[Provided material]:
════

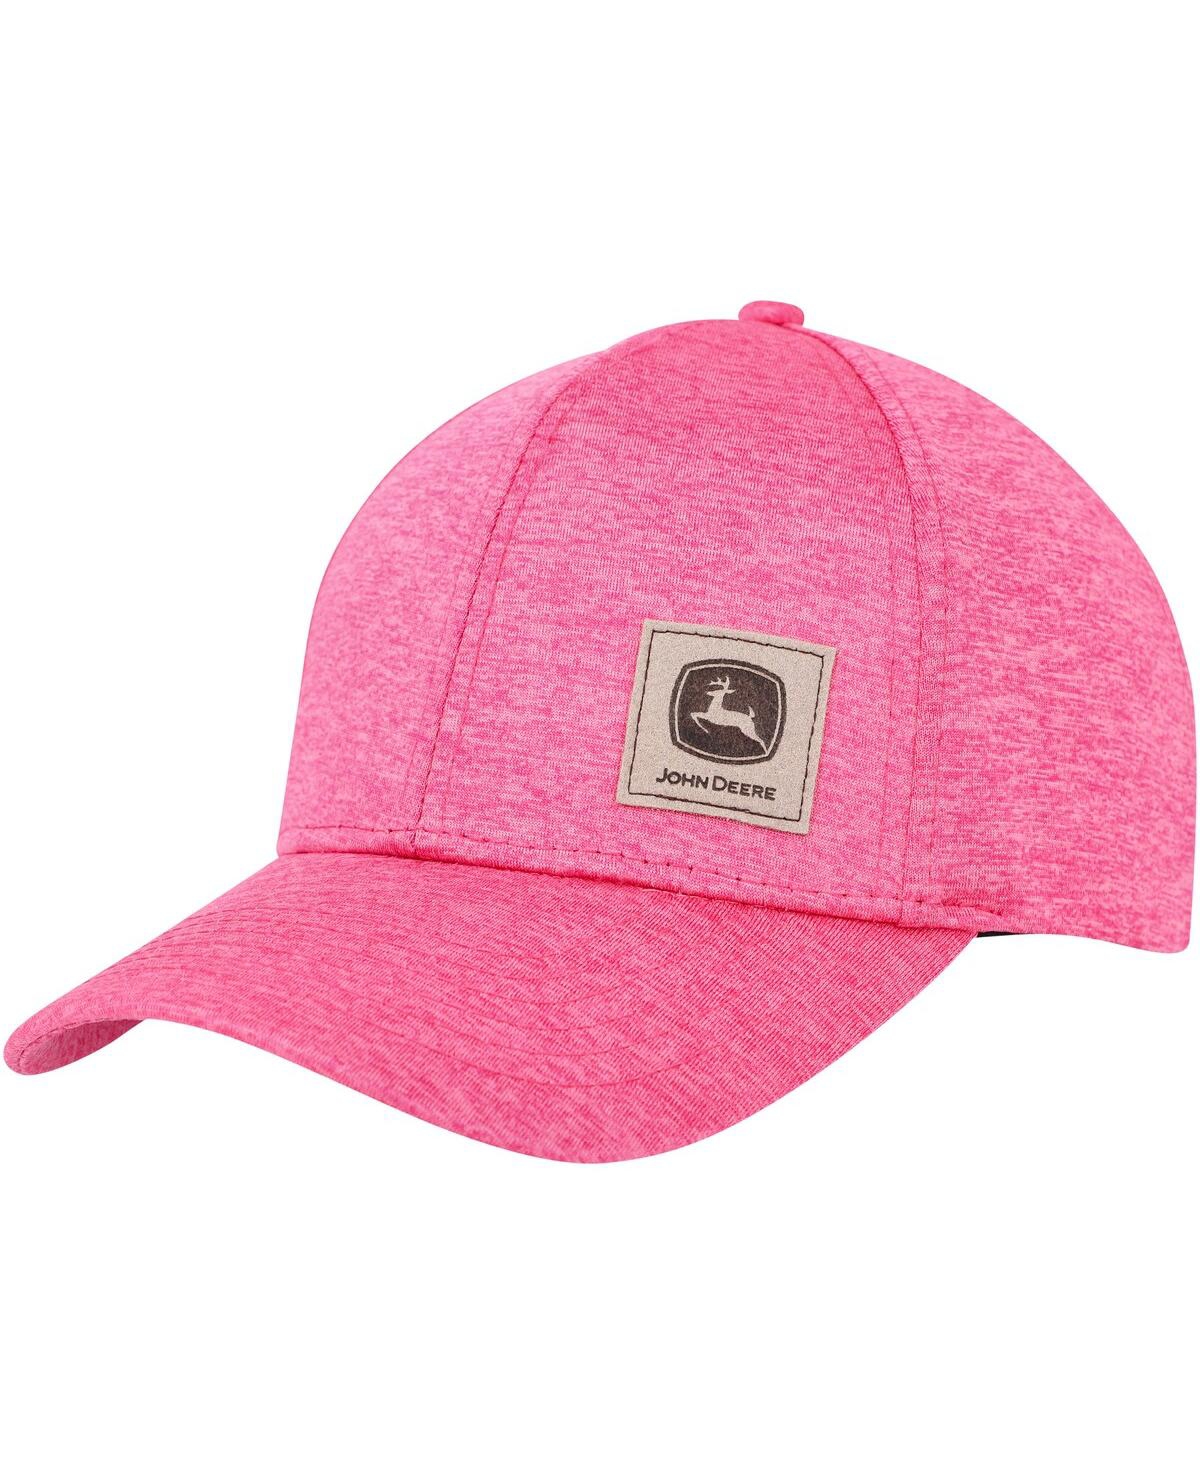 Women's Top of the World Pink John Deere Classic Space-Dye Adjustable Hat - Pink
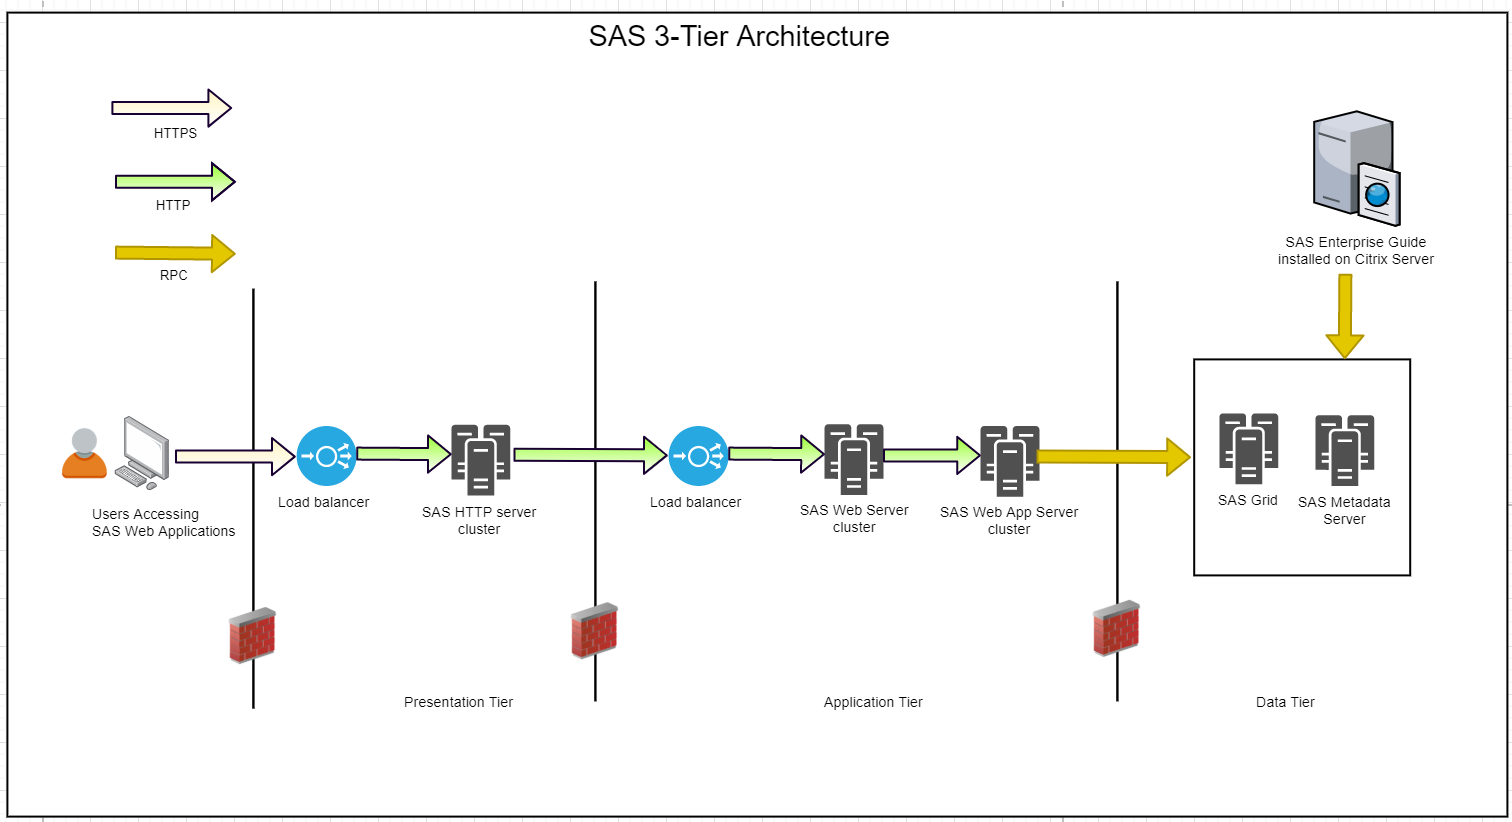 SAS 3-Tier Architecture
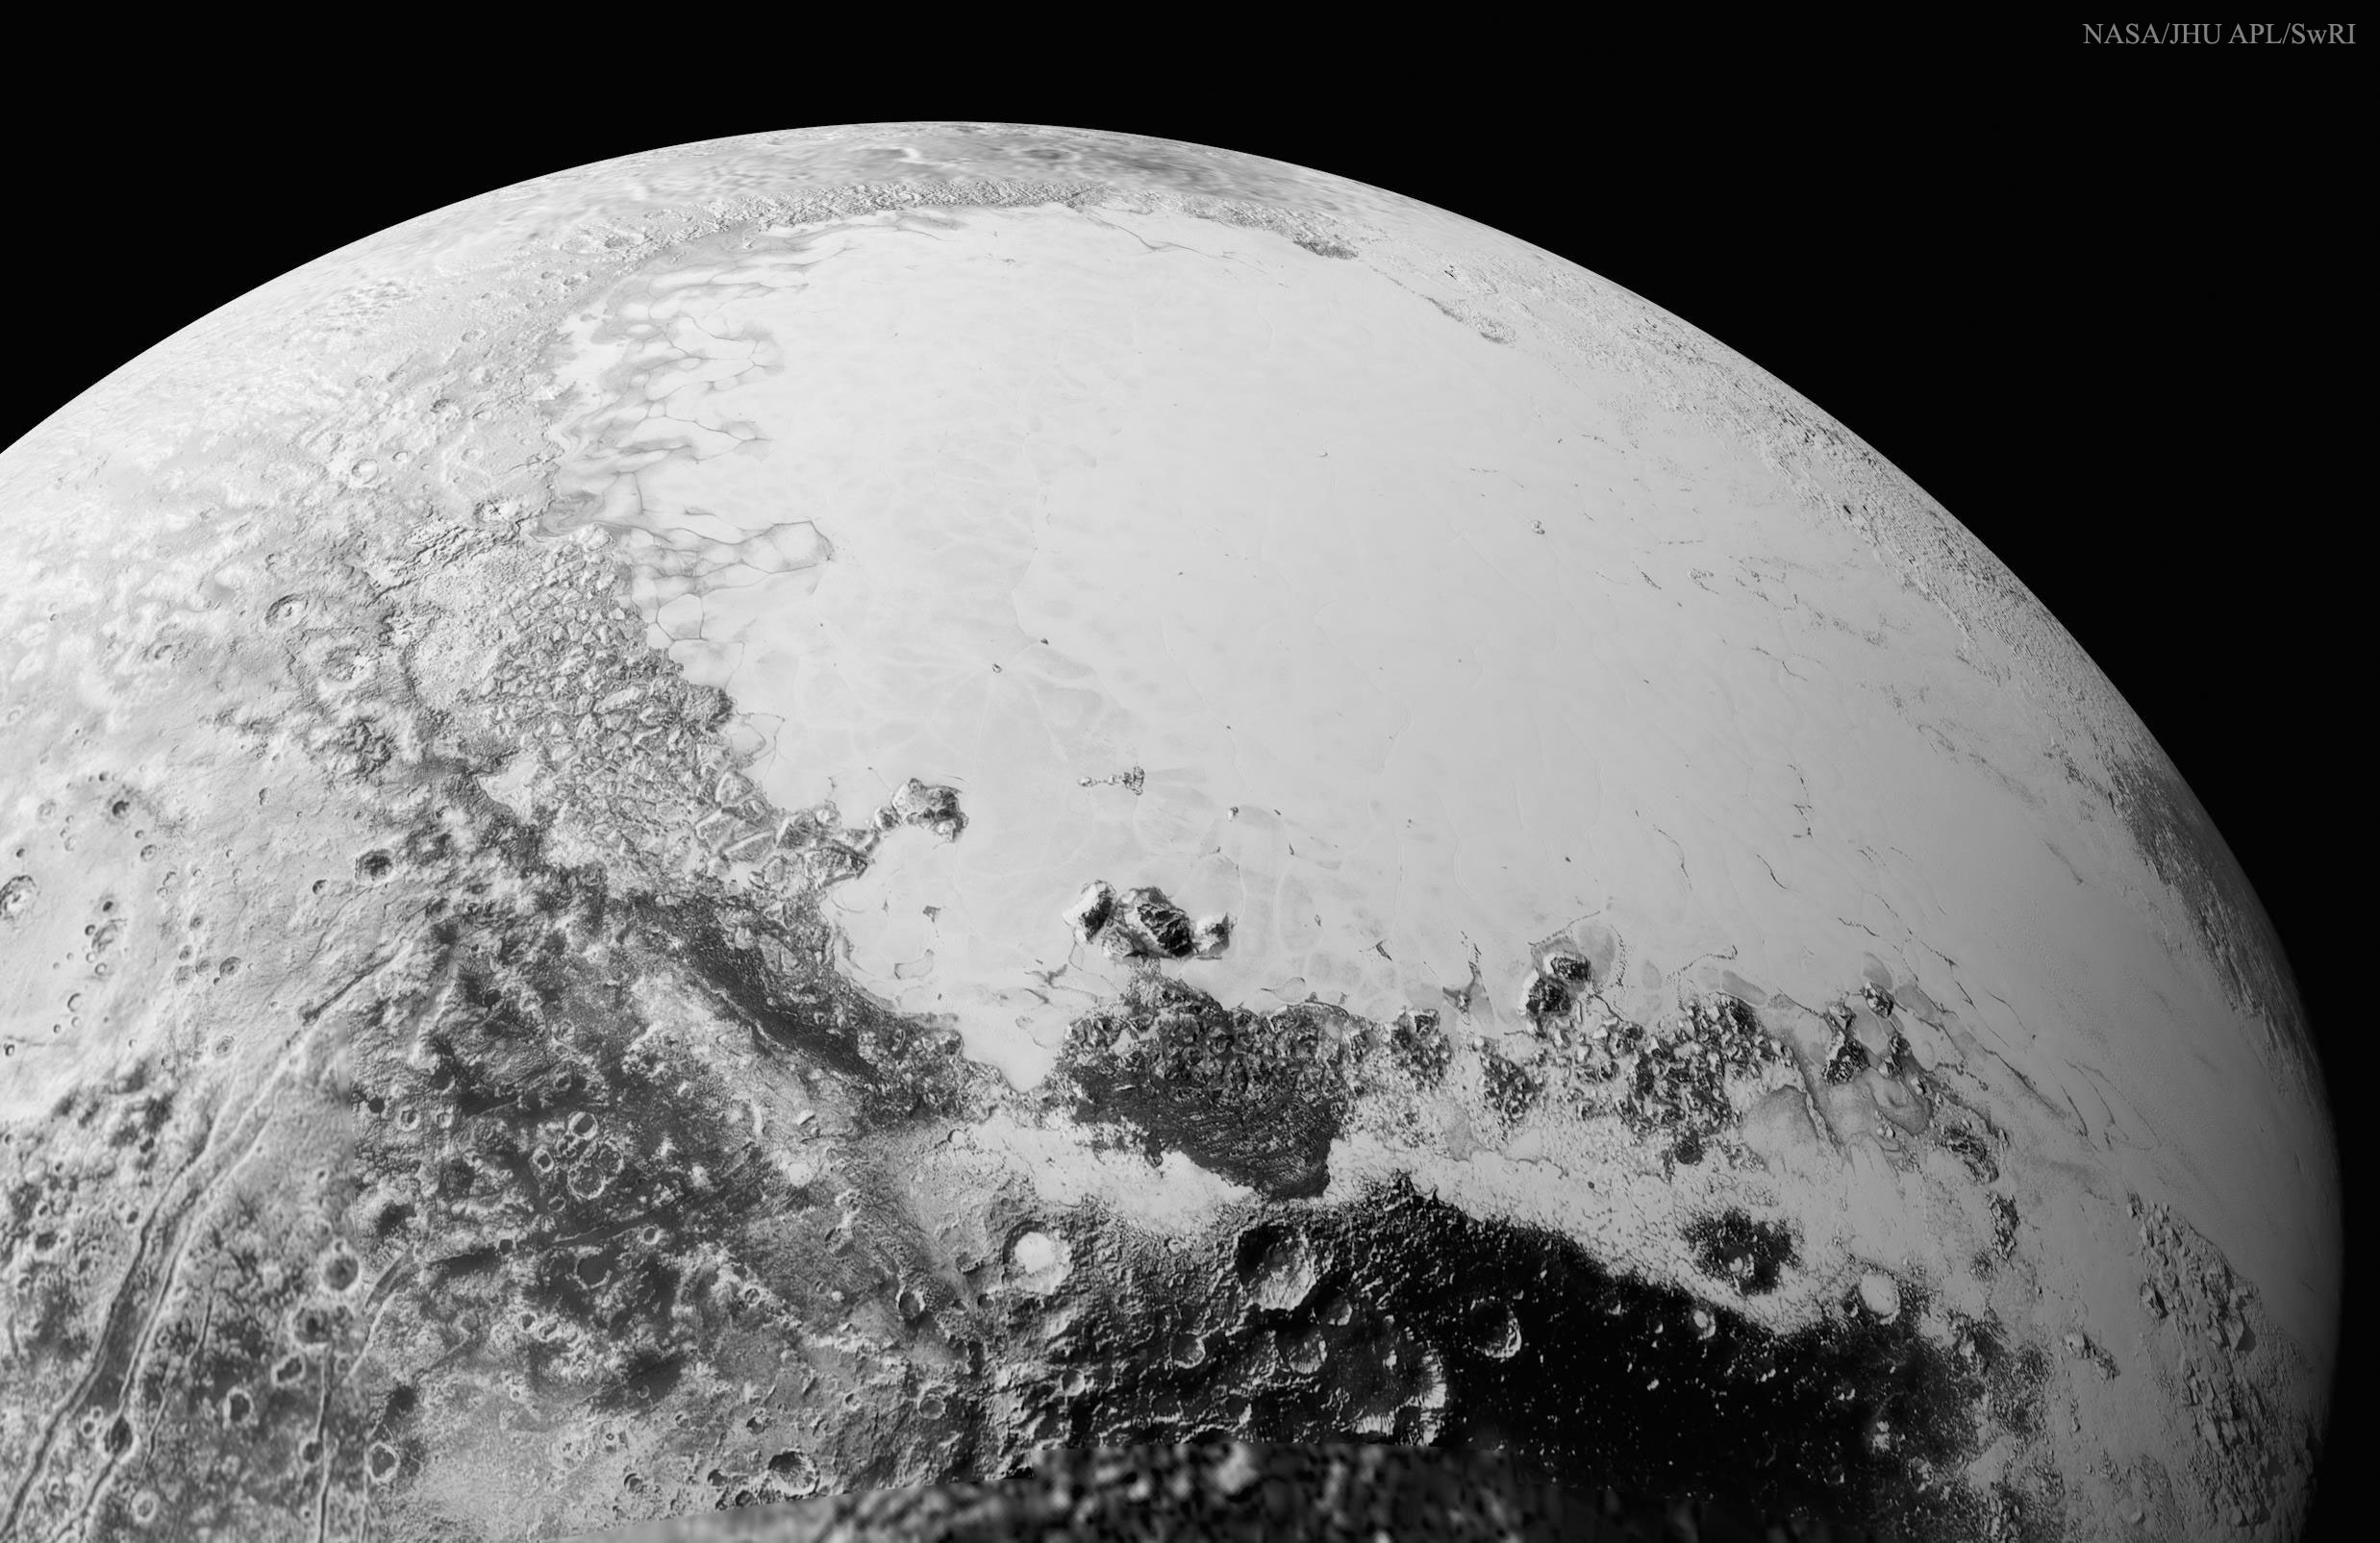 Vol au-dessus de Cthulhu Regio sur Pluton
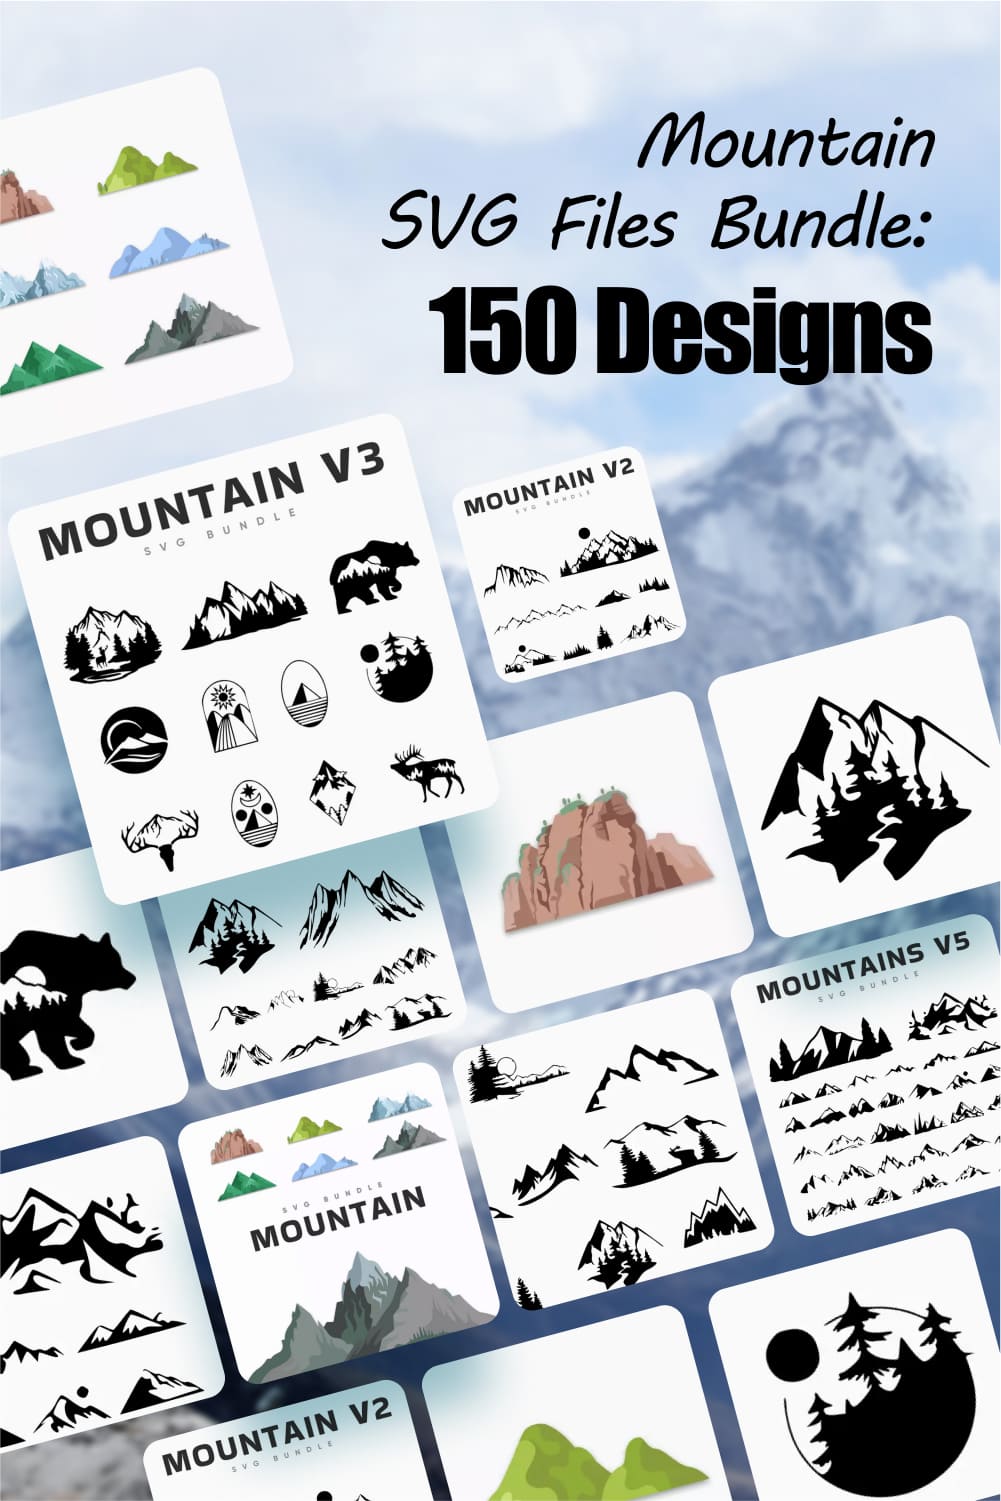 Mountain SVG Files Bundle 150 Designs Pinterest.

════

[Assigned task]: Pictures included in the data should be dropped; everything else must be repeated exactly.

[Exercise output]:
 Women's Top of the World Pink John Deere Classic Space-Dye Adjustable Hat - Pink
 SAS 3-Tier Architecture
 Vol au-dessus de Cthulhu Regio sur Pluton
 Mountain SVG Files Bundle 150 Designs Pinterest.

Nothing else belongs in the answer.